I found that after starting to drop a large table, tens of thousands of empty regions appeared and couldn’t be removed. The region size on this machine kept growing, and there were no errors in the kv log. I suspect it might be due to the region being too large, causing issues when creating snapshots.

The problematic machine has been manually restarted several times and is now completely down, only acting as a learner. There are also hundreds of regions in the DOWN state on it.

PD keeps trying to migrate the leader to this machine. After receiving the migration request, it performs the migration operation normally but then reports that its term is lower than the other party’s, so it keeps becoming a follower, and nothing else happens.

The good news is that the overall performance of the cluster has returned to normal.
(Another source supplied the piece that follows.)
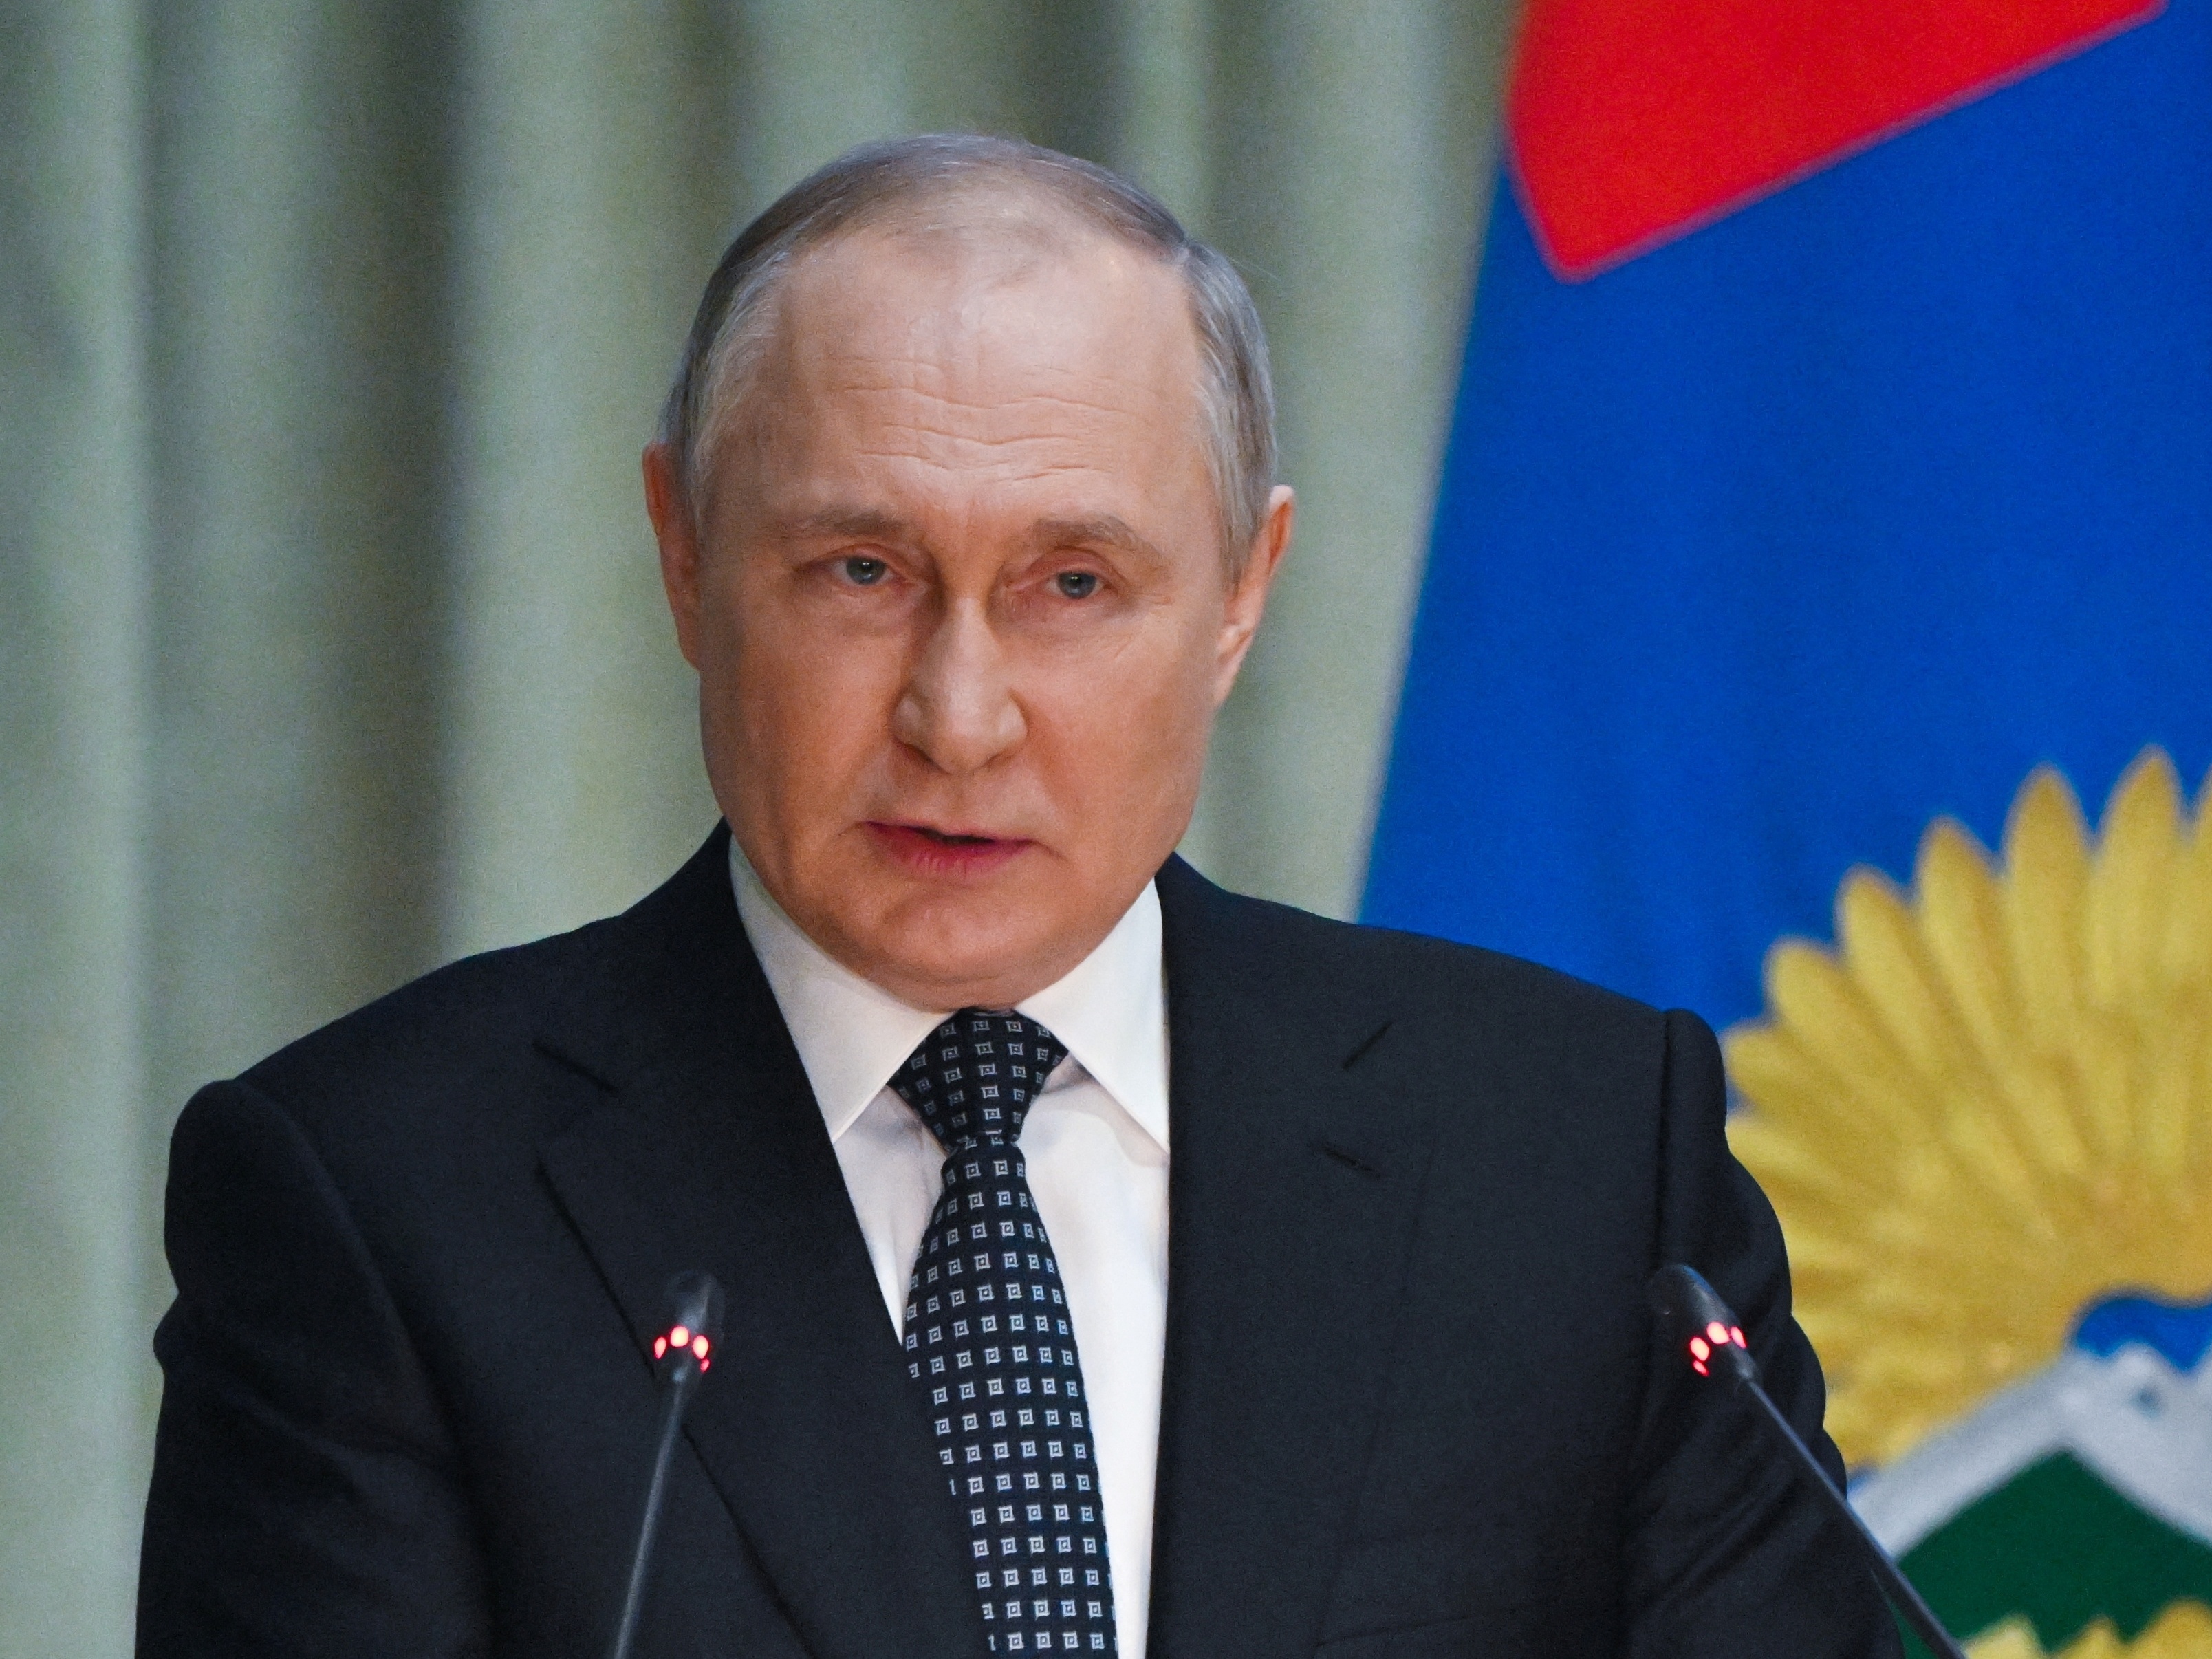 Vitória é garantida, não tenho dúvidas, acredita o Presidente Putin - SIC  Notícias
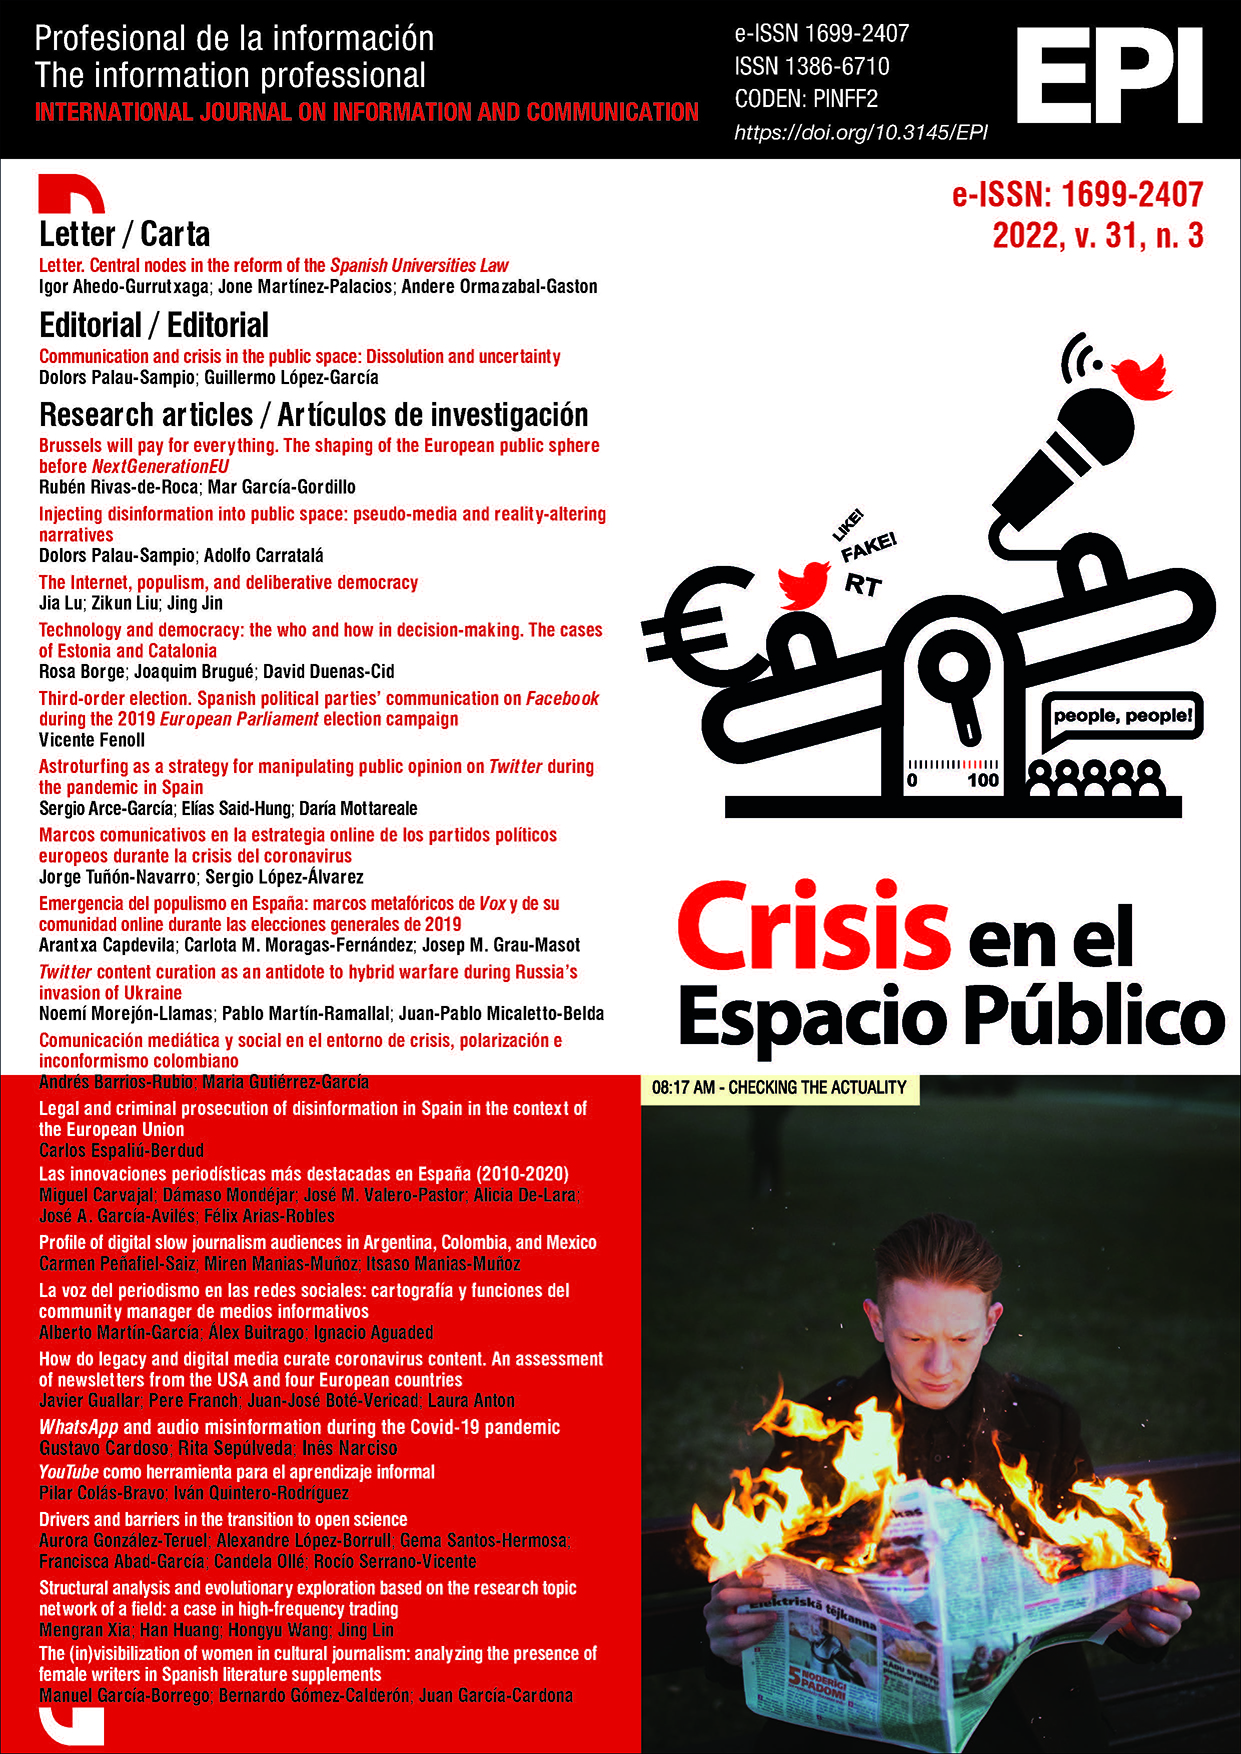 					Ver Vol. 31 Núm. 3 (2022): Crisis en el espacio público

I will try to destroy and rebuild the problematic node.

It seems like directly dropping a large table encountered some strange issues.

translator_bot · June 22, 2024, 9:54pm

| username: ryans | Original post link

The latest progress: it was found that the region in the DOWN state has been trying to add the abnormal machine as a learner, then timing out after 10 minutes, and trying again after a while.

There has never been an attempt to elect the abnormal machine as a leader in the PD logs. I’ll continue to investigate why.

translator_bot · June 22, 2024, 9:54pm

| username: h5n1 | Original post link

`max-store-down-time`

The time PD considers a missing store to be unrecoverable. If no heartbeat is received from the store after the specified time, PD will replenish the replicas on other nodes.
Default value: 30m

translator_bot · June 22, 2024, 9:54pm

| username: ryans | Original post link

I found out that for some reason, this scheduler evicted all the leaders from node 4. I will continue to investigate.

» scheduler show
[
“balance-hot-region-scheduler”,
“balance-leader-scheduler”,
“balance-region-scheduler”,
“label-scheduler”,
“evict-leader-scheduler”
]

» scheduler config evict-leader-scheduler
{
“store-id-ranges”: {
“4”: [
{
“start-key”: “”,
“end-key”: “”
}
]
}
}

translator_bot · June 22, 2024, 9:54pm

| username: ryans | Original post link

I saw a post, it seems that during the restart, the restart was too slow and then timed out, so this evict was never removed.

Now, because there are a batch of regions in the DOWN state on the abnormal node, it is decided not to let it be scheduled as the leader before resolving it.

translator_bot · June 22, 2024, 9:54pm

| username: ryans | Original post link

I suspect the timeout is related to the issue in this post. We have a field that contains a large JSON, which is causing the operator to timeout continuously. Is there a way to adjust the timeout duration?

translator_bot · June 22, 2024, 9:54pm

| username: system | Original post link

This topic was automatically closed 60 days after the last reply. New replies are no longer allowed.